Я молчал и смотрел. К чему она ни подойдет, она из всего извлекает для
себя страдание. Остается только наморщиться, прикусить губу и смотреть на ее
лучистые, живущие страданием глаза и понять, что иначе для нее не может
быть.
Они спорили. Слова крутились, сталкивались и бессильно падали. Я
пристально смотрел на лица. Пусть спорят, о чем хотят, пусть спорят о самом
важном. Пусть говорят друг другу о жизни, о боге - она, отрывающаяся от
земли, и он, уходящий в землю. К чему тут слова и споры?
И пусть еще явятся люди, и пусть все спорят, - Розанов, Катра,
Окорокова. Мне представлялось: Розанов убедил Машу, - и ее глаза засветились
хищным пламенем, она познала смысл жизни в борьбе, она радуется, нанося и
получая удары. И мне представлялось: Маша убедила Розанова, он в молитвенном
экстазе упал на колени, простер руки к небу и своим свободным духом узрел
невидимый, таинственно-яркий свет сверхчувственного...

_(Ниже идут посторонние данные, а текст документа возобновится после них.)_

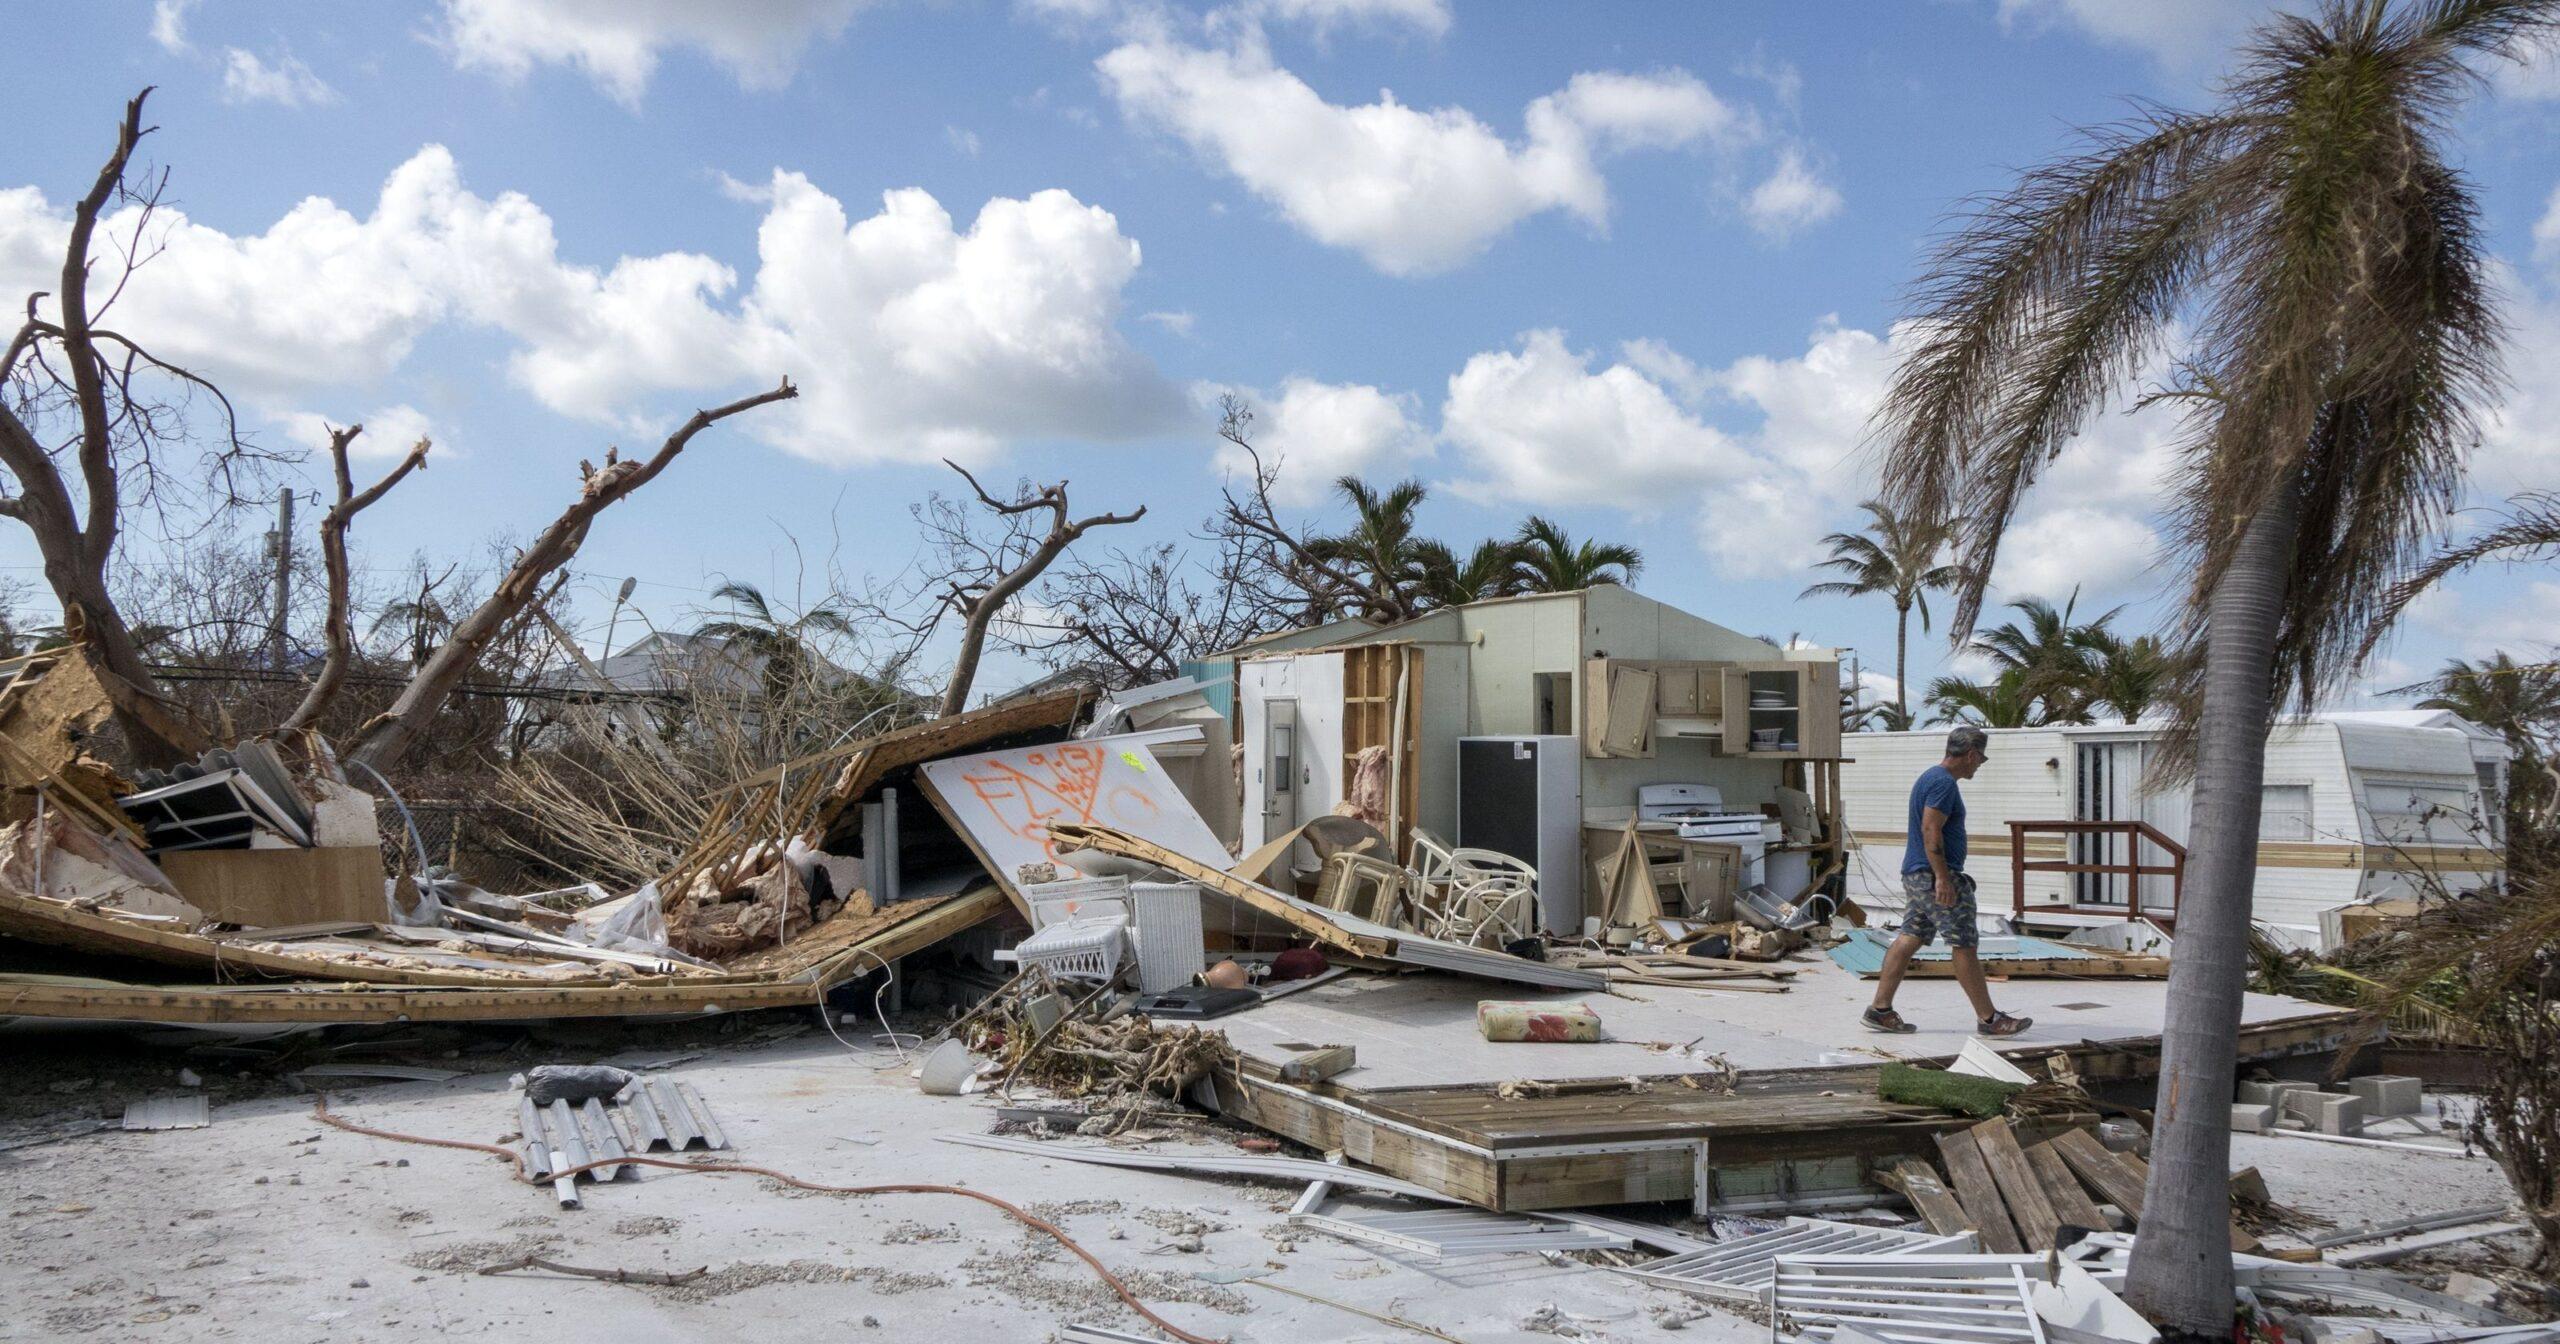 Home damage after Hurricane Irma

Да, да! Отчего же это невозможно? Хотелось смеяться. Отчего это
невозможно? Ведь одними и теми же законами живет разум - строгий,
бесстрастный, сам себя направляющий...
- Тум-тум-тум... - шли звучащие ступеньки в темную глубину.
Спорят. А в глубине души у каждого лежит, клубком свернувшись в
темноте, бесформенный хозяин; как будто спит и не слышит стучащихся снаружи
слов и мыслей.
Иринарха дома не было, были только старики. Славно у них всегда -
бедно, но уютно и оживленно, хочется чему-то улыбаться. В уголке сидит
молчаливый Илья Ильич и курит. Шумит старенький, ярко вычищенный самовар,
Анна Ивановна сыплет словами, и лицо у нее такое, как будто она сейчас
радостно ахнет чему-то. И светлые голубенькие обои с белыми цветочками.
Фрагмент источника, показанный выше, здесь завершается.